= Metadiscourse =

Concept in philosophy of language

In philosophy of language, metadiscourse is the discussion about a discussion, as opposed to a simple discussion about a given topic. The study of metadiscourse helps us recognize and understand how we situate our ideas within writing and speech. This subject is especially prevalent in science writing, where it presents itself in many different forms such as hedges, boosters, and attitude markers. Metadiscourse contained within a written work can be any phrase that is included within a clause or sentence that goes beyond the subject itself, often to examine the purpose of the sentence or a response from the author, usually as an introductory adverbial clause. Metadiscourse often includes phrases such as "frankly," "after all," "on the other hand," "to our surprise," and so on.

Below are some examples of metadiscourse in writing, denoting:
- the writer's intentions: "to sum up," "candidly," "I believe"
- the writer's confidence: "may," "perhaps," "certainly," "must"
- directions to the reader: "note that," "finally," "therefore," "however"
- the structure of the text, including transitions: "first," "second," "finally," "therefore," "however"

Joseph M. Williams summed up the use of metadiscourse in expository writing as follows:

Everything you write needs metadiscourse, but too much buries your ideas […] Some teachers and editors urge us to cut all metadiscourse, but everything we write needs some. You have to read with an eye to how good writers in your field use it, then do likewise. There are, however, some types that you can usually cut. [Examples follow.]

== Hedges ==
Hedges are words and phrases that communicate caution to the claim being made within a sentence. Hedge words are removed from the actual subject and rather function as a marker of metadiscourse. These words and phrases ensure that an audience is aware of the writer's distance from the subject they are reporting on. This technique allows writers to maintain the reliability of their work by establishing that their assertions are made to their best knowledge, but could potentially be rebutted. Some examples of metadiscursive hedges are "could," "unlikely," "perhaps," "occasionally," "evidently," "generally," and "many."

== Boosters ==
In writing, a booster is a word or phrase that enhances a point the writer makes. Boosters can be identified by examples such as "certainly," "absolutely," "obviously," "always," and "demonstrate."

== Attitude markers ==
Attitude markers appear when writers signal their feelings towards a subject with certain words or phrases.
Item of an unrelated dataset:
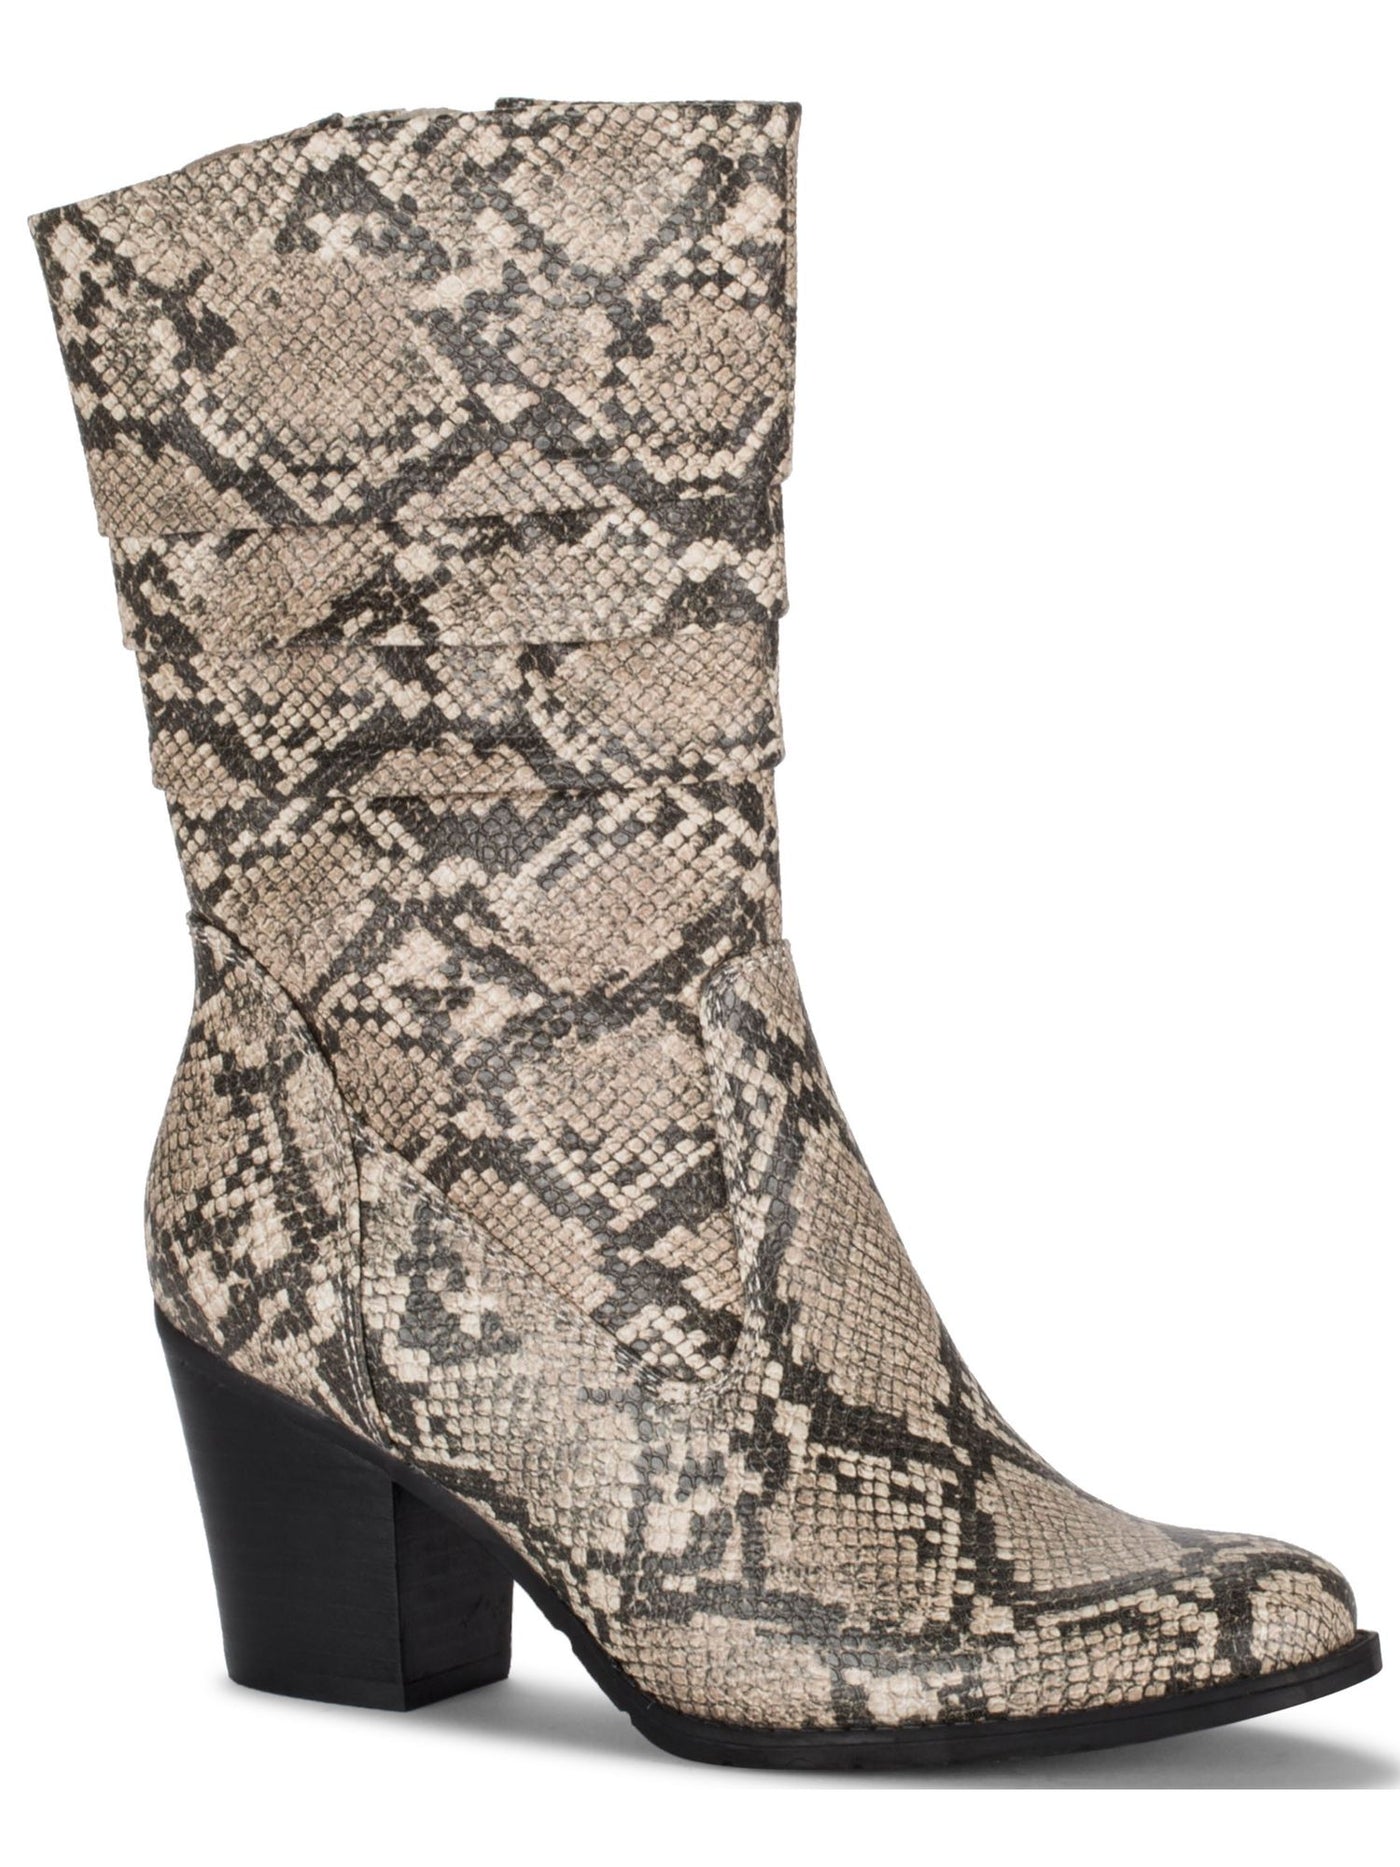 BARETRAPS Womens Beige Animal Print Round Toe Stacked Heel Zip-Up Heeled Boots 9.5

This type of metadiscourse may show up in writing in the use of words like "unfortunately," "admirably," and "agree."

== Hedging in science writing ==
In science writing specifically, hedging allows writers to publish scientific information without it coming across as absolute or hypercritical in nature. Therefore, science writers use hedging to communicate knowledge in a way that avoids making non-expert audiences entirely confident in the text. Hedging in science writing may look like this:

| Hedge | Example Sentence |
|---|---|
| May | Inhaling the gas produced by the experiment may cause hypoxia. |
| Appear | The data collected appears to support the hypothesis. |
| Possible | It is possible that the species will be extinct within the next decade. |
| Usually | The trial results usually remain consistent. |
| Tend | Scientists in this area of study tend to rely on clinical trials to conduct their research. |
| Probably | The symptoms were probably a result of the patient's exposure to cigarette smoke. |

In some cases, using hedges in science writing can disrupt the way scientific information is processed by the reader by making the statement seem slightly uncertain. This is purposeful and allows science writers to establish their distance from the topic of study, while still reporting the relevant findings of the experts.

== Boosting in science writing ==
Boosters appear in science writing to strengthen a statement that is being made. These words and phrases allow non-expert readers to grasp the certainty of a claim.
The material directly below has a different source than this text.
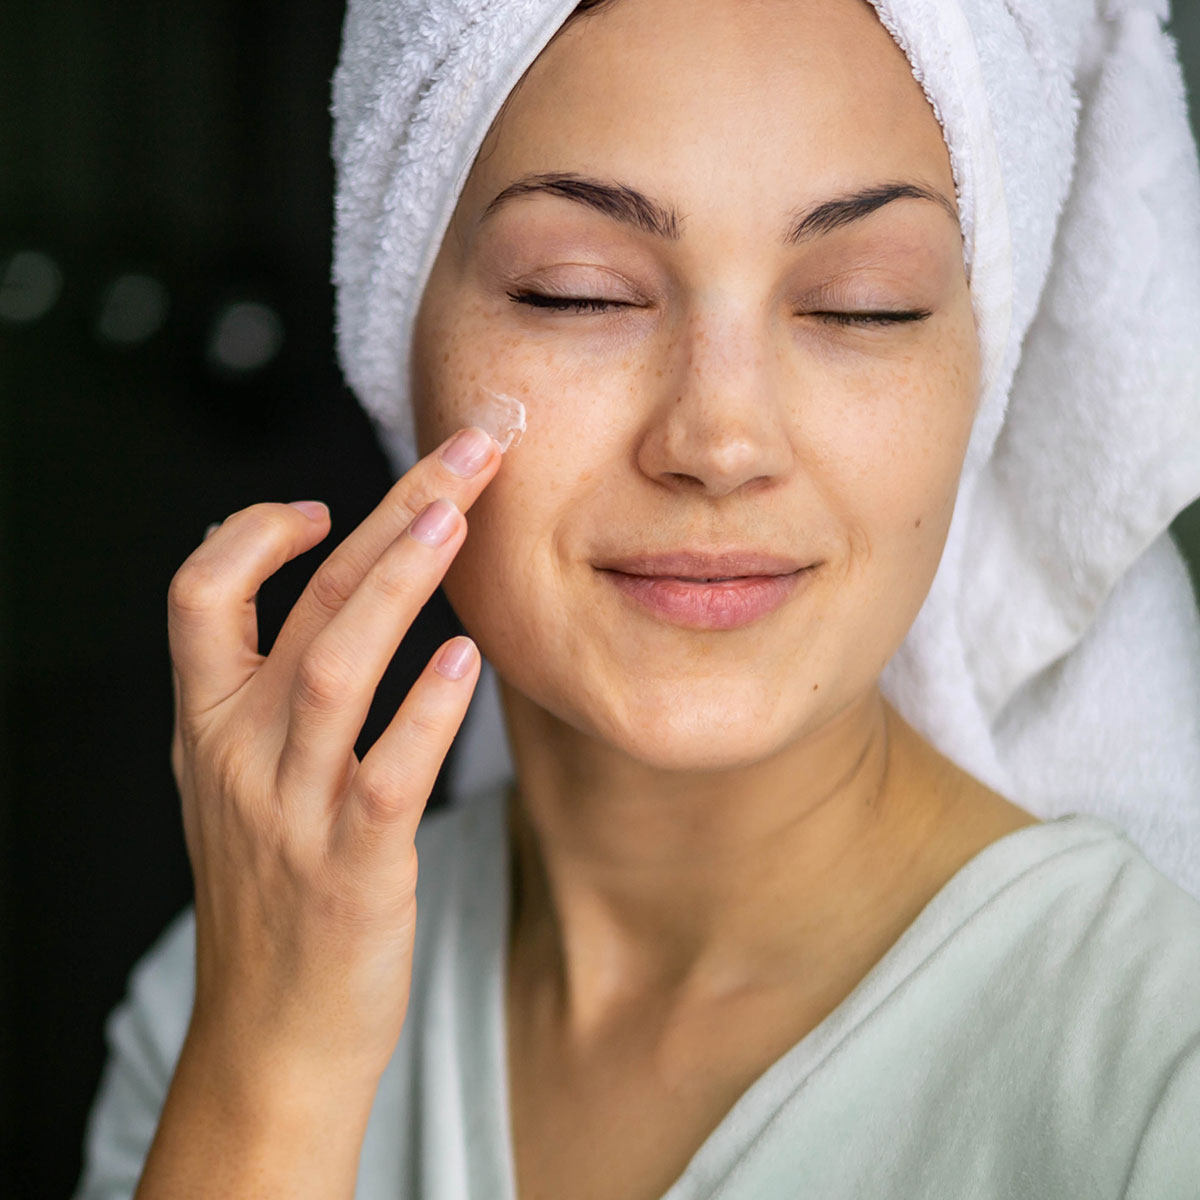 woman touching face applying sunscreen towel hair up

| Booster | Example Sentence |
|---|---|
| Certainly | Early trials of the new gene therapy reveal certainly promising results. |
| Always | This chemical reaction will always result in combustion. |
| Demonstrate | These findings demonstrate the accuracy of the original hypothesis. |

== Attitude marking in science writing ==
In science writing, attitude marking is a valuable technique that is used to bring humanity into a body of text. To a non-expert audience, scientific information can seem dry and difficult to consume, and attitude marking allows readers to gauge the way they might feel inclined to react to the information they are taking in.

| Attitude Marker | Example Sentence |
|---|---|
| Unfortunately | The prognosis was, unfortunately, very poor for each of the research patients. |
| Agree | After conducting two separate studies, both the neuroscientists and psychiatrists agree on the diagnosis. |

== Transitions ==

Transitions show, and sometimes emphasize, how one sentence relates to the next or how one paragraph or section relates to the next. As a form of metadiscourse they function as signposts leading the reader through a discussion.